= PROBLEM DESCRIPTION =
Begin at the line where "Peugeot 308 Racing Cup and HD Image" appears and reproduce exactly every line through the end of the data below, both included, skipping pictures.

___ TASK INPUTS

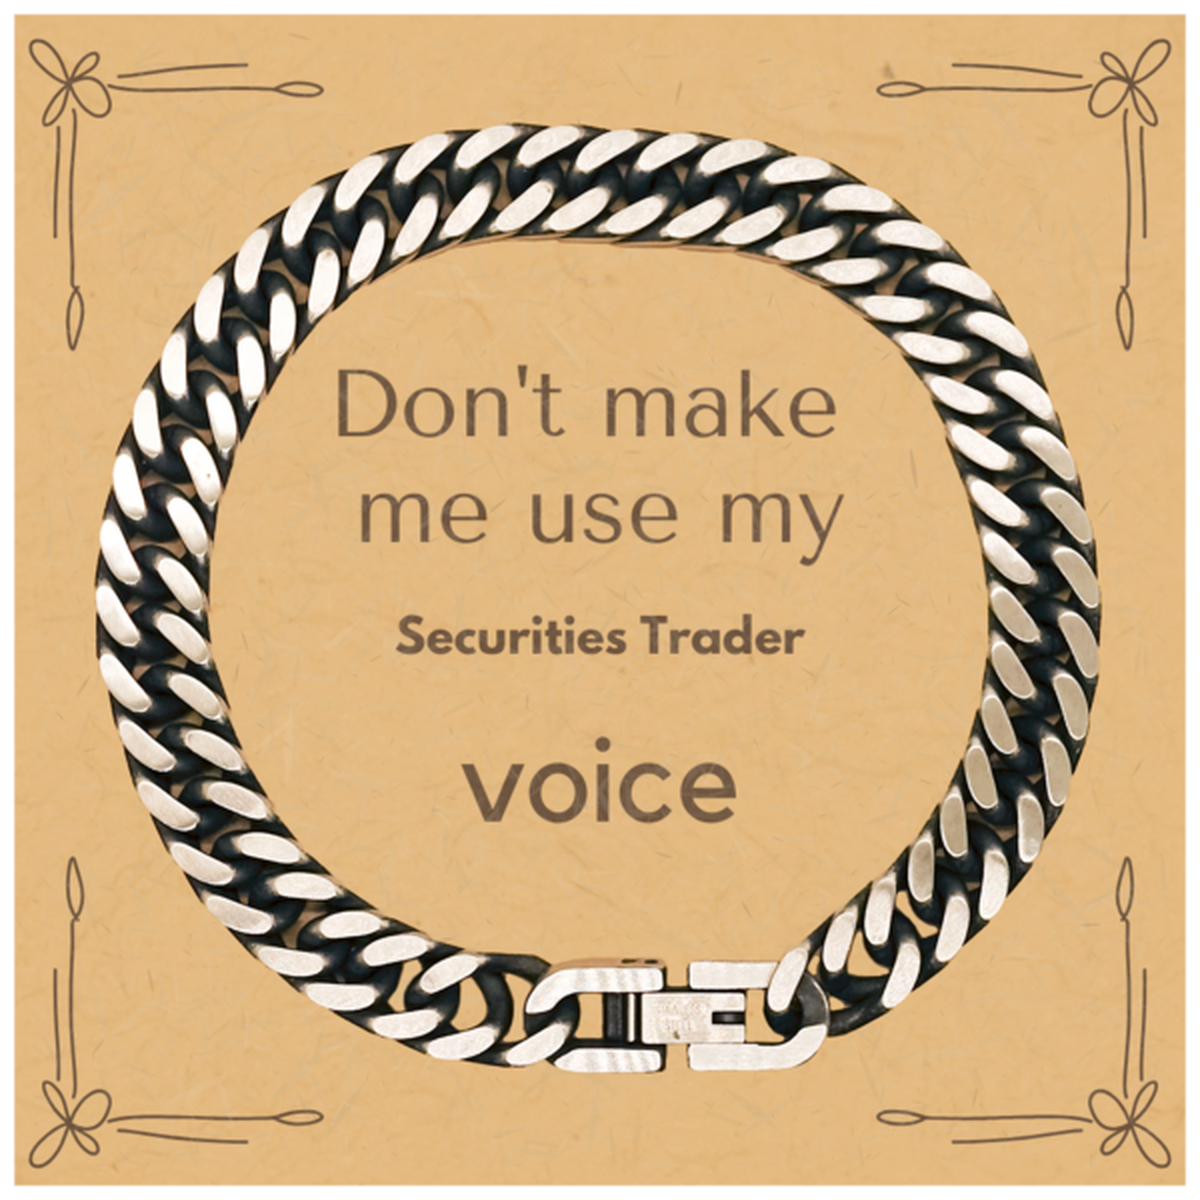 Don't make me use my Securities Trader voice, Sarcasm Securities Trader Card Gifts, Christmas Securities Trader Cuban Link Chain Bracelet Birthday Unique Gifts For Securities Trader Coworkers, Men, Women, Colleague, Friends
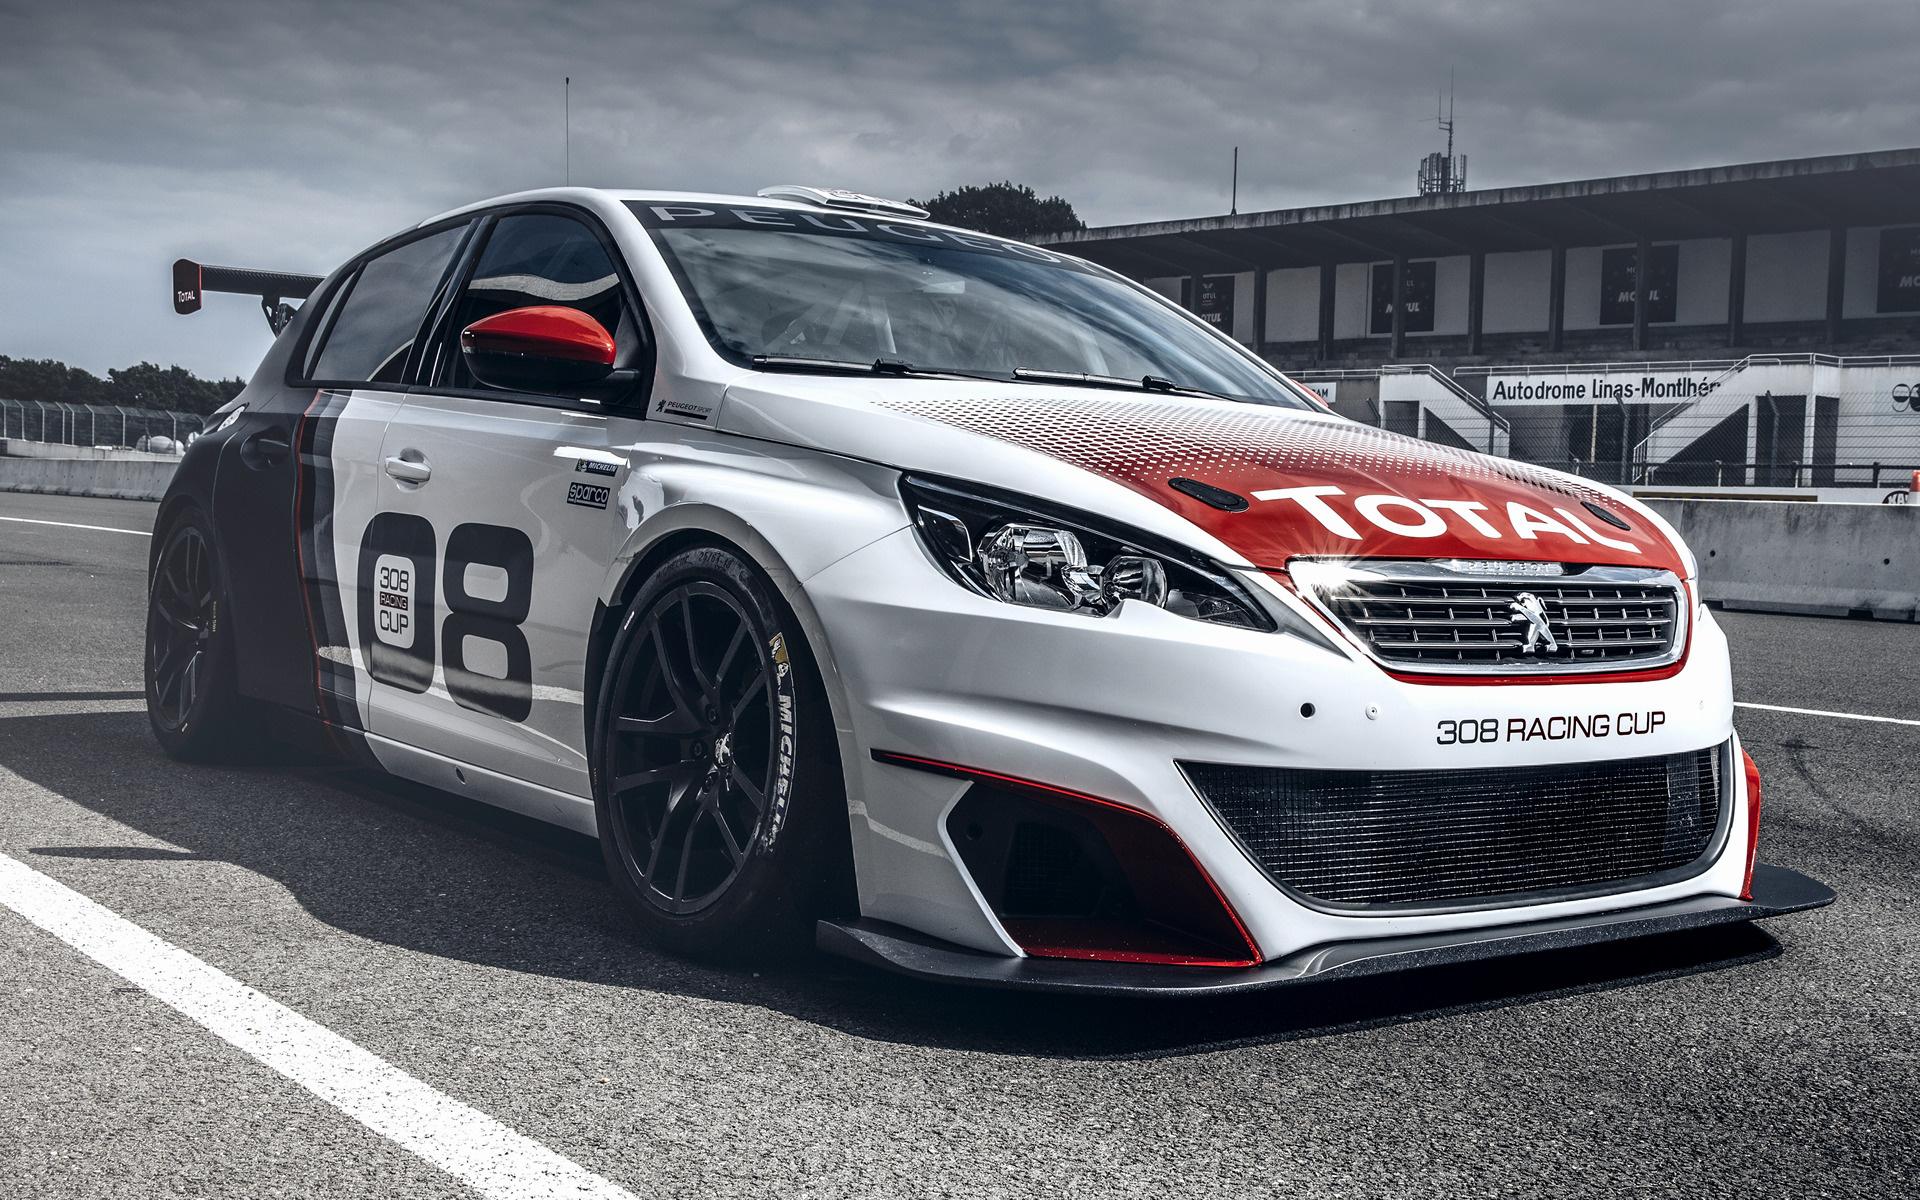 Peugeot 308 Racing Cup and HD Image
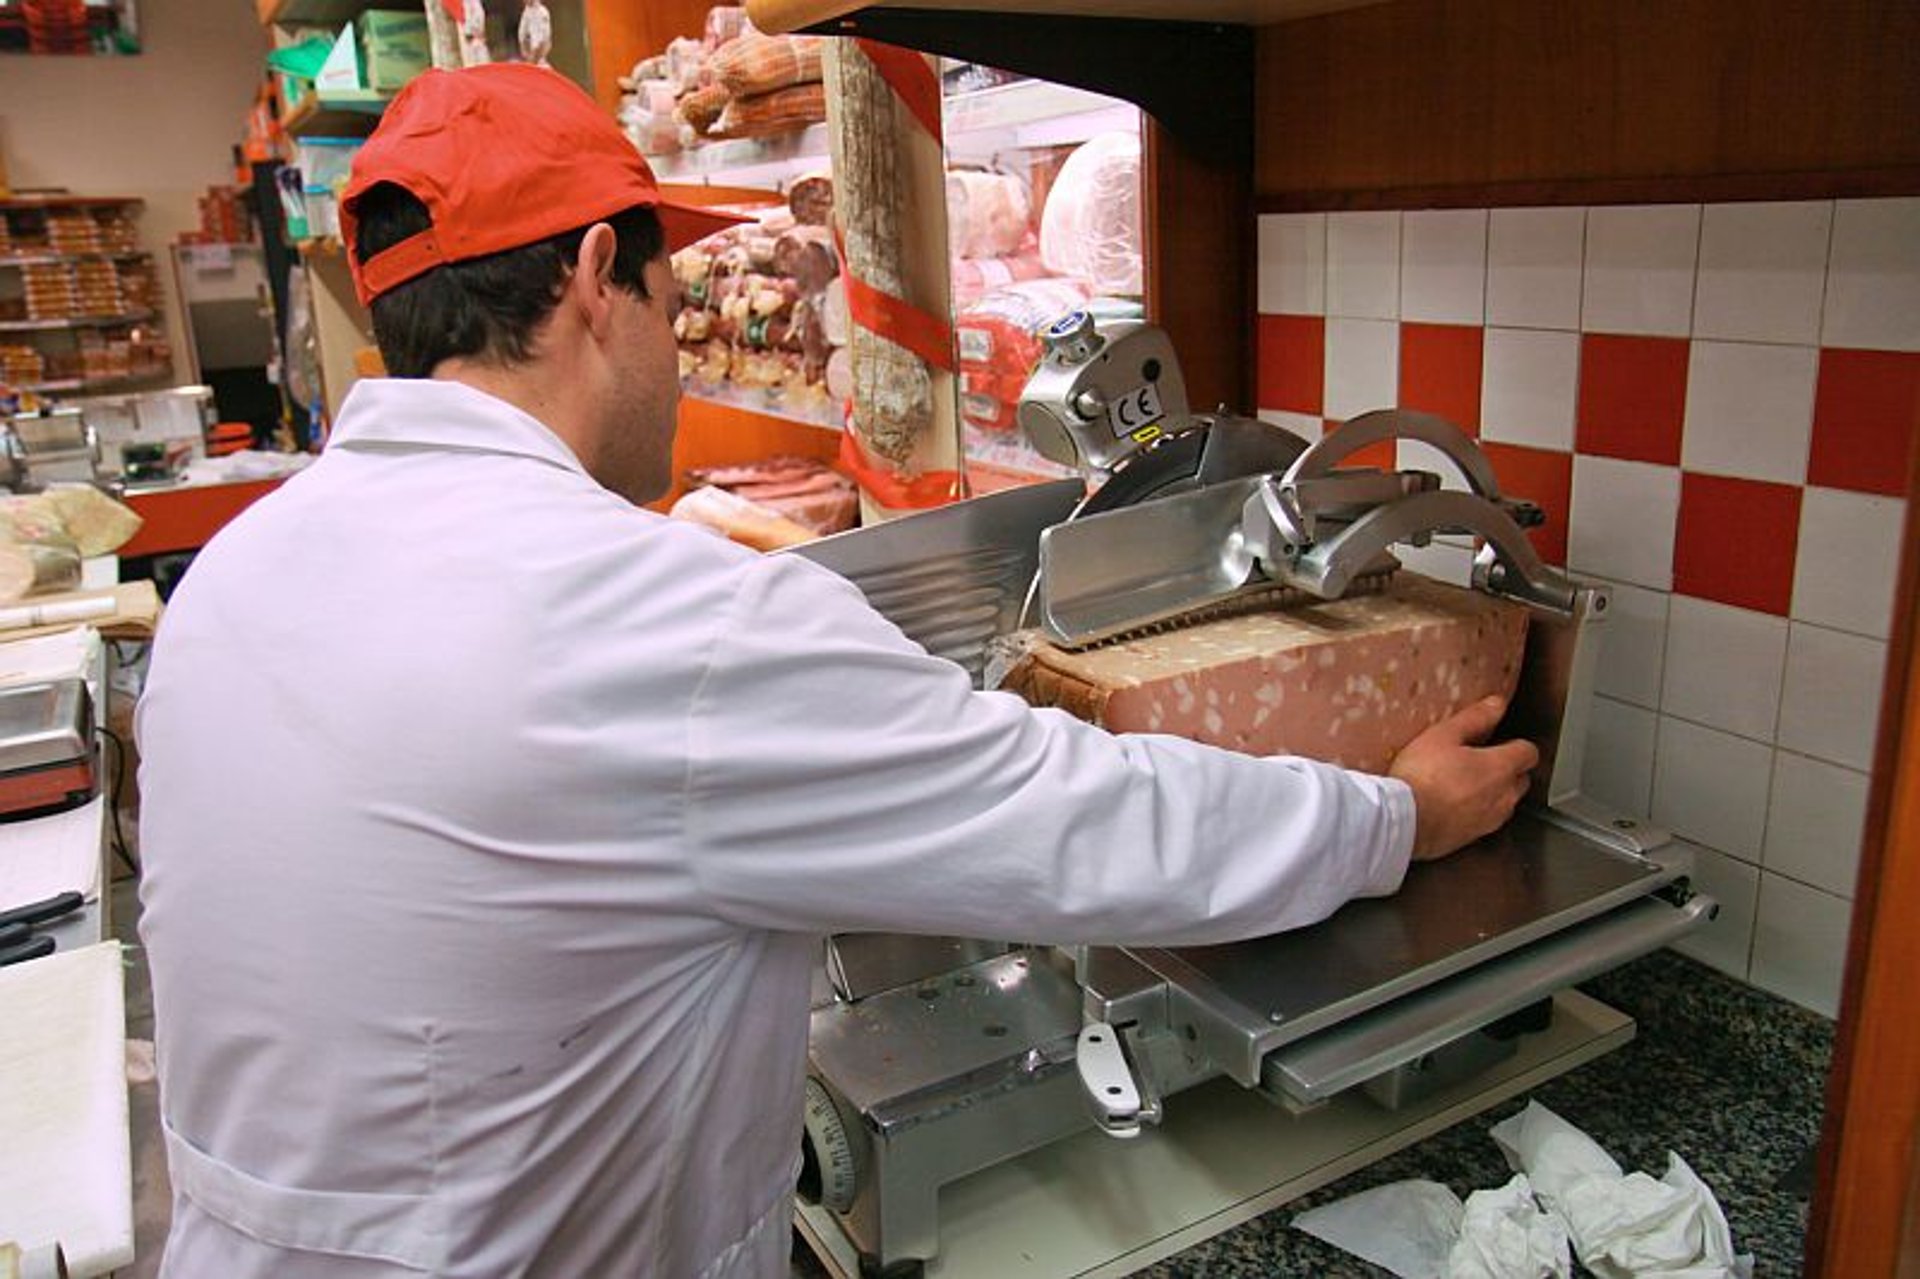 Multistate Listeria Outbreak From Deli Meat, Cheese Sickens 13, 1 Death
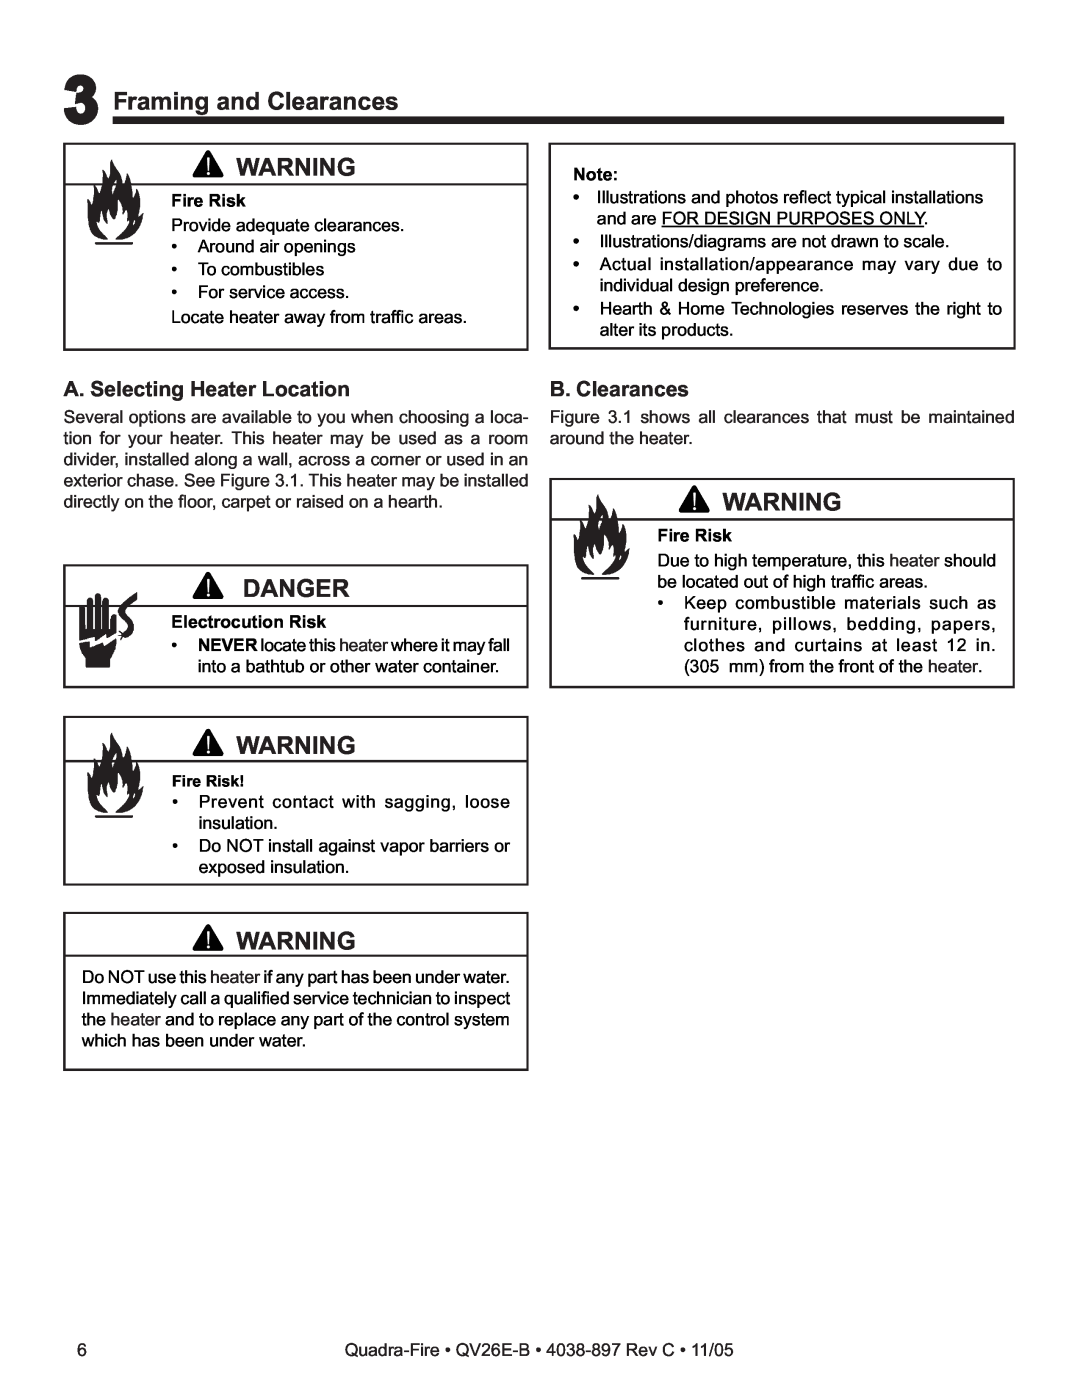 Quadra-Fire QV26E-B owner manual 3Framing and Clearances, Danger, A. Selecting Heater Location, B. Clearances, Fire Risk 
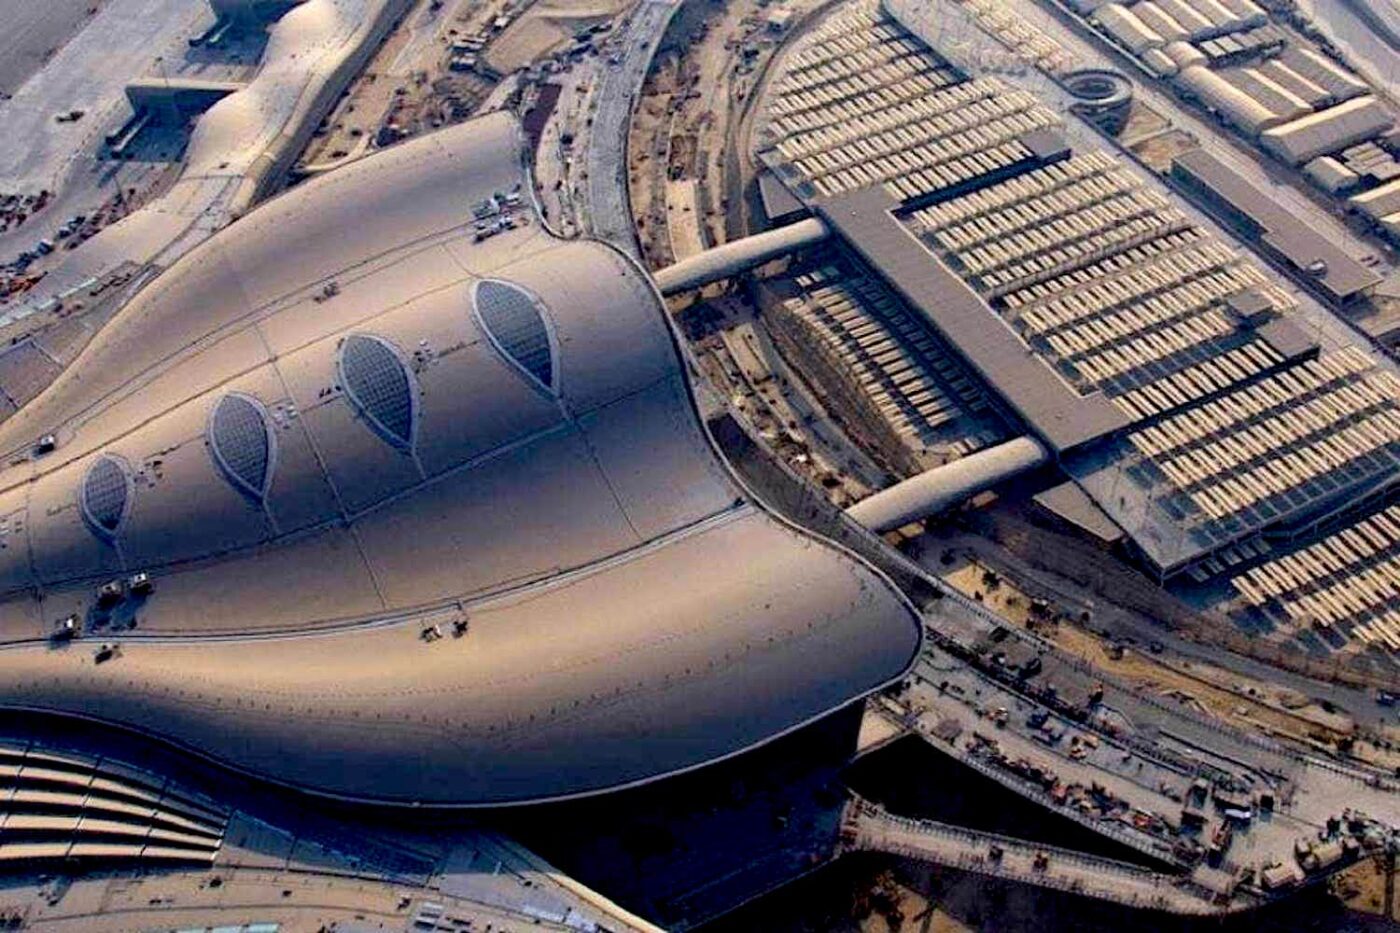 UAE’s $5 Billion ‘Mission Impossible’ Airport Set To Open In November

______

= EXERCISE RESULT =
 Peugeot 308 Racing Cup and HD Image
 Multistate Listeria Outbreak From Deli Meat, Cheese Sickens 13, 1 Death
 Quadra-Fire QV26E-B owner manual 3Framing and Clearances, Danger, A. Selecting Heater Location, B. Clearances, Fire Risk 
 UAE’s $5 Billion ‘Mission Impossible’ Airport Set To Open In November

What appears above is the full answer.